The contestant also requested the court to charge the jury as follows:

“ The will offered in this case for probate is as a matter of law against natural justice, and the proponents are called upon to satisfy you that _some good reason must have existed for the practical disinheritance of the testator’s only child, Rollin J. Morse, or else you may find it to be the product of an unsound mind or undue influence. In determining the question of testator’s capacity, the jury are at liberty to consider whether or not the claims *473of near relationship have been disregarded or overlooked, and, if they find that such claims have been disregarded or overlooked, they may consider that fact in connection with the other circumstances of the case, and give it such weight as in their sound judgment and discretion they think it entitled to.”

The court did charge the jury upon this subject as follows:

“ The fact that a father disinherits an only child for no good cause raises a presumption that he is in fact incompetent. But I add to that, gentlemen, this: That the son in this case is not entirely disinherited by this will and codicils, and I think that I ought to add this that a testator may dispose -of his property as he pleases, and that it does not necessarily follow that there is mental incompetency because he distributed it among certain of his blood relatives, and entirely omits one or more of them. * * *

“ The jury may consider the nature ana character of the will, and if it be contrary to natural justice, with the other facts of the case, may be considered by the jury in the determination of the question whether or not the testator was of sound mind or had been unduly influenced at the time of its execution. The natural object of John W. Morse’s bounty was his son, Rollin J. Morse, because he was his son. With no will, the law would give the estate to the son by inheritance.

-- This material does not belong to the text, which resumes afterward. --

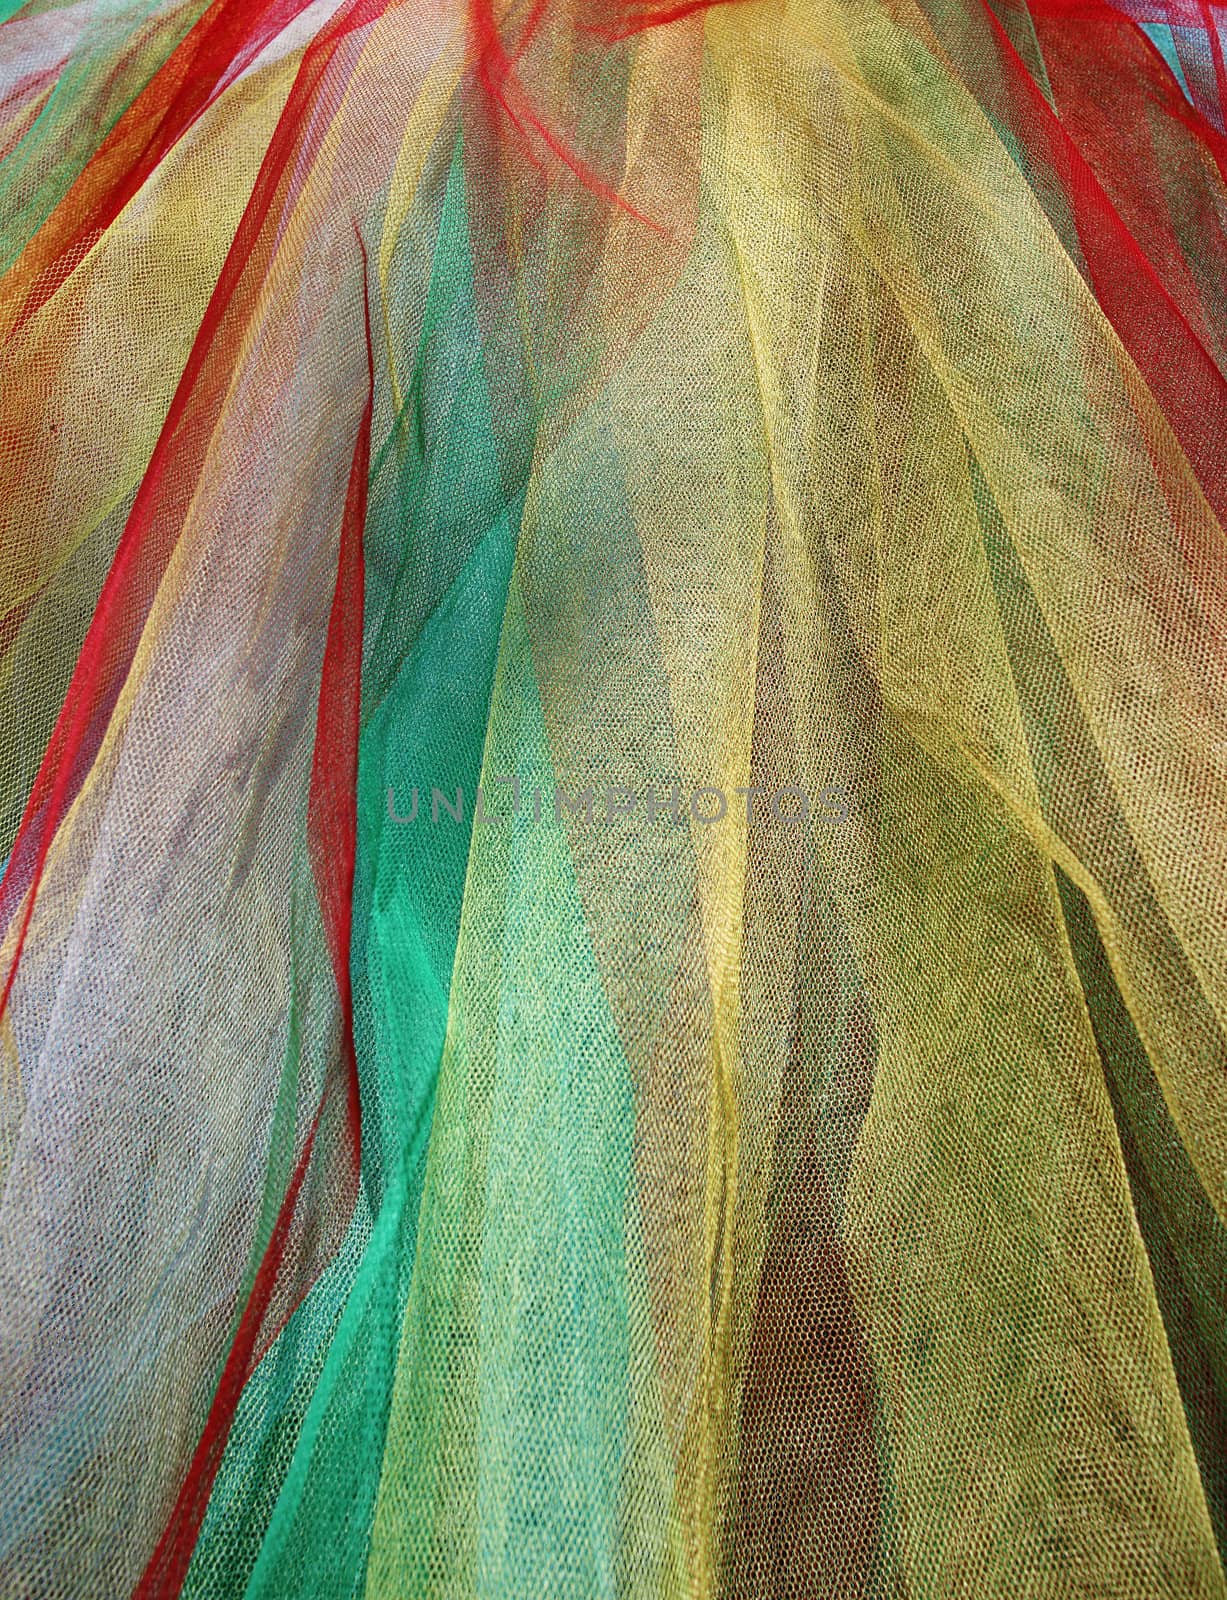 Full colored light net by shamtor
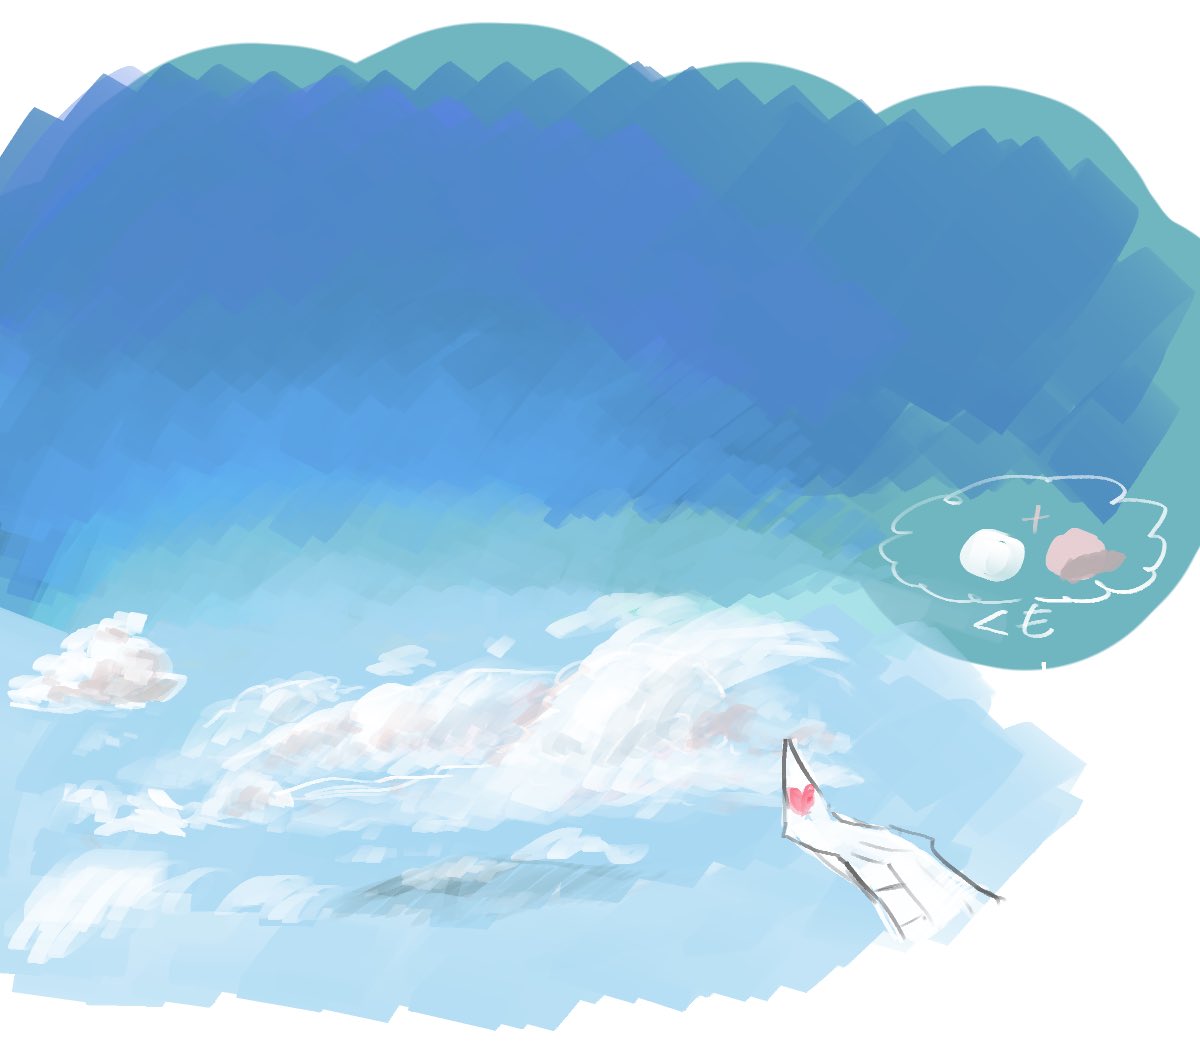 「今日見た雲を忘れたくなくて描いたやーつ 」|₂₄*のイラスト

“A man owes certain duties to his family, to those he has been instrumental in bringing into the world. He is under certain legal and moral obligations to them, and, if these obligations are overlooked or disregarded, then it is important for you to inquire whether the reasons that are assigned for overlooking and disregarding these duties are such as actually operate upon him, if his mind was sound in so doing; and, if you believe from the facts proven in this case that John W. Morse did not consider or weigh his obligations to his son or was blinded by passion or hatred toward him, then it is your duty to disallow this will.”

These instructions were certainly as favorable to contestant as the law would permit. Spencer v. Terry's Estate, 133 Mich. 39.

Contestant’s counsel presented 84 requests, and error is *474assigned on the refusal to give certain of these requests. We can only say that, so far as the requests presented were correct statements of legal principles, they were sufficiently covered by the charge. The case was given to the jury in a careful charge which fully presented the issues. No prejudicial error is discovered.

The judgment is affirmed.

Carpenter, C. J., and McAlvay, -Grant, and Ostrander, JJ., concurred.